DETAILED DESCRIPTION OF PREFERRED EMBODIMENTS
[0025] Medical marijuana is now approved in 36 states and the
District of Columbia, Guam, Puerto Rico and U.S. Virgin Islands for
several medical conditions such as cachexia, cancer, chronic pain,
epilepsy and other disorders characterized by seizures, glaucoma,
HIV, AIDS, Multiple Sclerosis, muscle spasticity and nausea.

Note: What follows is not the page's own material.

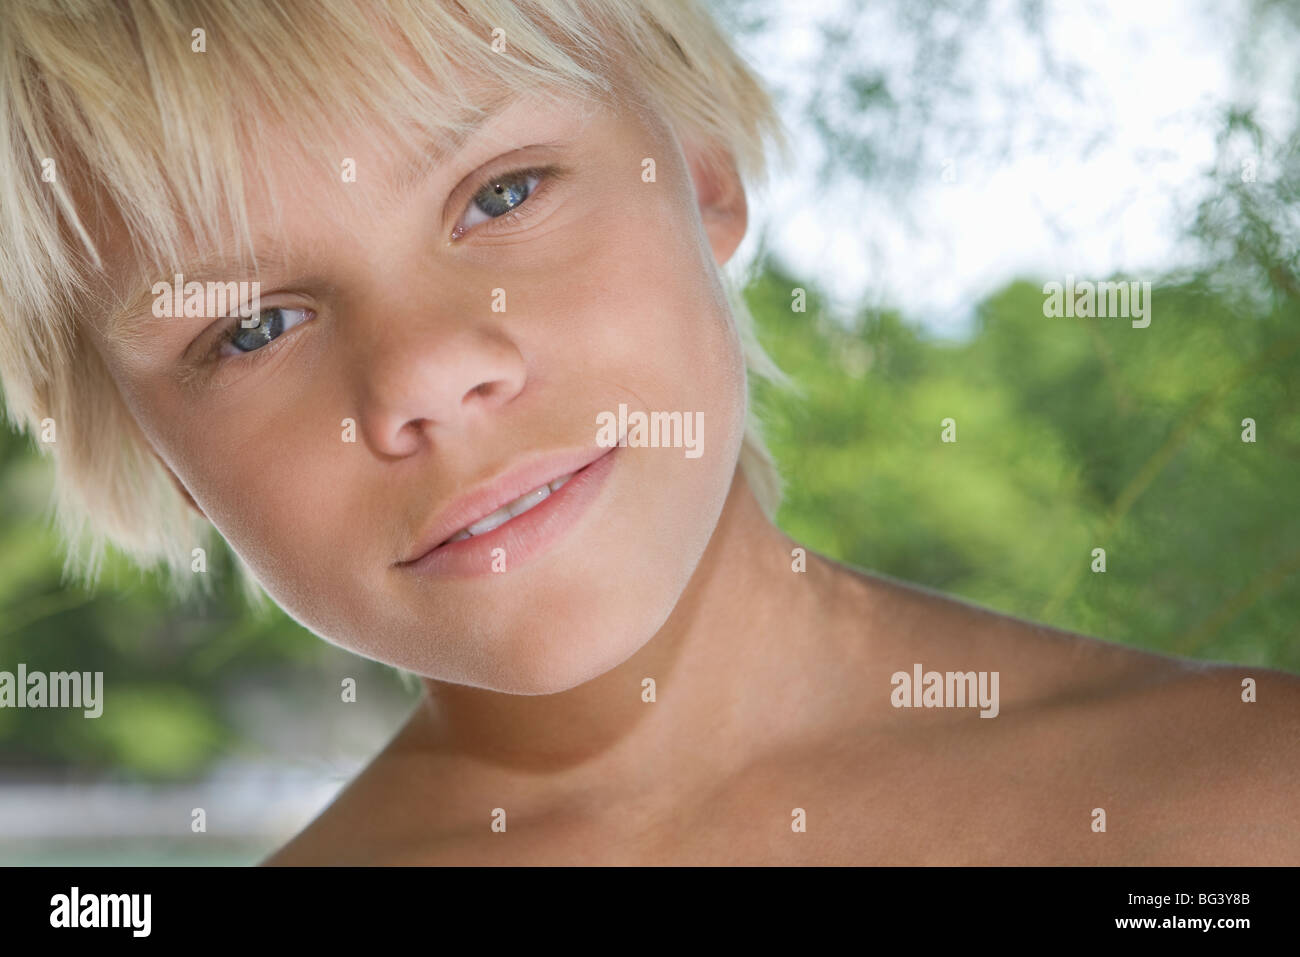 Blonde boy aged 12-13 years Stock Photo

Medical marijuana use is on the ballot in an additional states, and
it is also approved for recreational use in 15 states including
Massachusetts, Washington state and California. The legitimate use
of marijuana for several medical indications has far outpaced the
medical and clinical evaluation of marijuana and specific
cannabinoids for different medical uses. In 1997, the National
Institutes of Health convened an Ad Hoc Expert Panel to discuss
current knowledge of the medical uses of Cannabis. The report
discussed the importance of other cannabinoids and their potential
interaction effects, stating: "Varying proportions of other
cannabinoids, mainly cannabidiol (CBD) and cannabinol (CBN), are
also present in Cannabis, sometimes in quantities that might modify
the pharmacology of THC or cause effects of their own. CBD is not
psychoactive but has significant anticonvulsant, sedative, and
other pharmacological activity likely to interact with THC." The
Institute of Medicine (IOM, 1999) concluded that scientific data
indicate the potential therapeutic value of cannabinoid drugs,
primarily .DELTA.9-THC, for pain relief, control of nausea and
vomiting, and appetite stimulation and clinical trials of
cannabinoid drugs for symptom management should be conducted. In
2003, NIH was awarded a United States patent for use of
cannabinoids as antioxidants and neuroprotectants (Hampson et al.,
2003).
[0026] Progress has been made on several fronts on the use of
cannabinoids for medical use, both through rigorous clinical
evaluation of .DELTA.9-THC for cancer pain and nausea and cachexia
associated with HIV/AIDS, .DELTA.9-THC/CBD mixtures for Multiple
Sclerosis and muscle spasticity, and ad hoc development by
localized medical marijuana dispensaries and patient advocacy. The
latter is especially true of Charlotte's Web (CW) being used for
childhood epilepsy. The strain was named for 5-year-old Charlotte
Figi, who had been suffering from a rare disorder called Dravet's
syndrome, which caused her to have as many as 300 grand mal
seizures a week. Charlotte used a wheelchair, went into repeated
cardiac arrest, could barely speak and had flat-lined at least 3
times by 2012. Two years later, Charlotte is largely seizure-free
and able to walk, talk and feed herself after taking oil infused
with a high CBD Cannabis strain with low .DELTA.9-THC content (CBS
News, 2014).
[0027] Even with lack of well-controlled clinical evidence,
families have been migrating to Colorado to seek treatment for
their children. Seeds of the high-CBD hemp have migrated to other
states. Recently, Utah's Governor signed "Charlee's Law," a hemp
supplement bill allowing epilepsy patients access to cannabis oils,
after six-year old Charlee Jordan who suffered from Late Infant
Batten Disease, a terminal inherited disorder of the nervous system
that leads to seizures, and loss of vision and motor skills (The
Salt Lake Tribune, 2014). More than 3 million people in North
America, 6 million in Europe and 50 million worldwide have epilepsy
with highest prevalence for children below five years of age and
the elderly with about 30% of patients non-responsive to
traditional anti-epileptic drugs (WHO, 2007). Decision Resources
(FierceBiotech, 2012) projects that the epilepsy market will
increase from $2.9 billion in 2011 to nearly $3.7 billion in
2016.
[0028] Sativex.RTM. (GW Pharmaceuticals, England), a drug
containing equal proportions of .DELTA.9-THC and CBD, was recently
approved as a second-line treatment for Multiple Sclerosis (MS)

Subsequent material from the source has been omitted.